> ASSIGNED TASK:
In the records below, find the line that contains "Initial Necklace, Letter", then transcribe it and every later line exactly, stopping at the final line.

== Segment start ==

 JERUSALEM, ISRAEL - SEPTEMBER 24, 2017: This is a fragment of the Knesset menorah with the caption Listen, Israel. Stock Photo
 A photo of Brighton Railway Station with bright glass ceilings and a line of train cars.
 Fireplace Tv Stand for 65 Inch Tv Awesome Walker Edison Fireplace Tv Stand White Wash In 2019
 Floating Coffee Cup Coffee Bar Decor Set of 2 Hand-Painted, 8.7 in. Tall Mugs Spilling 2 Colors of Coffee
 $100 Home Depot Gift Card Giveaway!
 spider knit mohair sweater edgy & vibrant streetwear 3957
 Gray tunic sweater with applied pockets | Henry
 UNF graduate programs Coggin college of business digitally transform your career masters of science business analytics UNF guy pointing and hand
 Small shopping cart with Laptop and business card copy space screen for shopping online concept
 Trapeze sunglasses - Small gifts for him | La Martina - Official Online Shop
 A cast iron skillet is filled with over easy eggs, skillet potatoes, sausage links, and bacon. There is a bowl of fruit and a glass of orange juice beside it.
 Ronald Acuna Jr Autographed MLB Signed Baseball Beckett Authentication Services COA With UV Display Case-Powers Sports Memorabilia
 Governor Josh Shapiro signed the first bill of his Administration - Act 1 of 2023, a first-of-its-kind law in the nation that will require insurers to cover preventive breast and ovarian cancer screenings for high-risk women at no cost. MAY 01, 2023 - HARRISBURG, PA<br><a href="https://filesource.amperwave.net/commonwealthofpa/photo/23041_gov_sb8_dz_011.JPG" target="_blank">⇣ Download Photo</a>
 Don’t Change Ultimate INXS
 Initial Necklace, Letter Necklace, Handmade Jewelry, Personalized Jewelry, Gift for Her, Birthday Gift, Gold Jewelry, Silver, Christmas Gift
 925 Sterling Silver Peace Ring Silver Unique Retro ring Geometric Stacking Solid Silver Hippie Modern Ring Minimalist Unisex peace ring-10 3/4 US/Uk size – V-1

== Segment end ==

> OUTPUT FOR THIS TASK:
 Initial Necklace, Letter Necklace, Handmade Jewelry, Personalized Jewelry, Gift for Her, Birthday Gift, Gold Jewelry, Silver, Christmas Gift
 925 Sterling Silver Peace Ring Silver Unique Retro ring Geometric Stacking Solid Silver Hippie Modern Ring Minimalist Unisex peace ring-10 3/4 US/Uk size – V-1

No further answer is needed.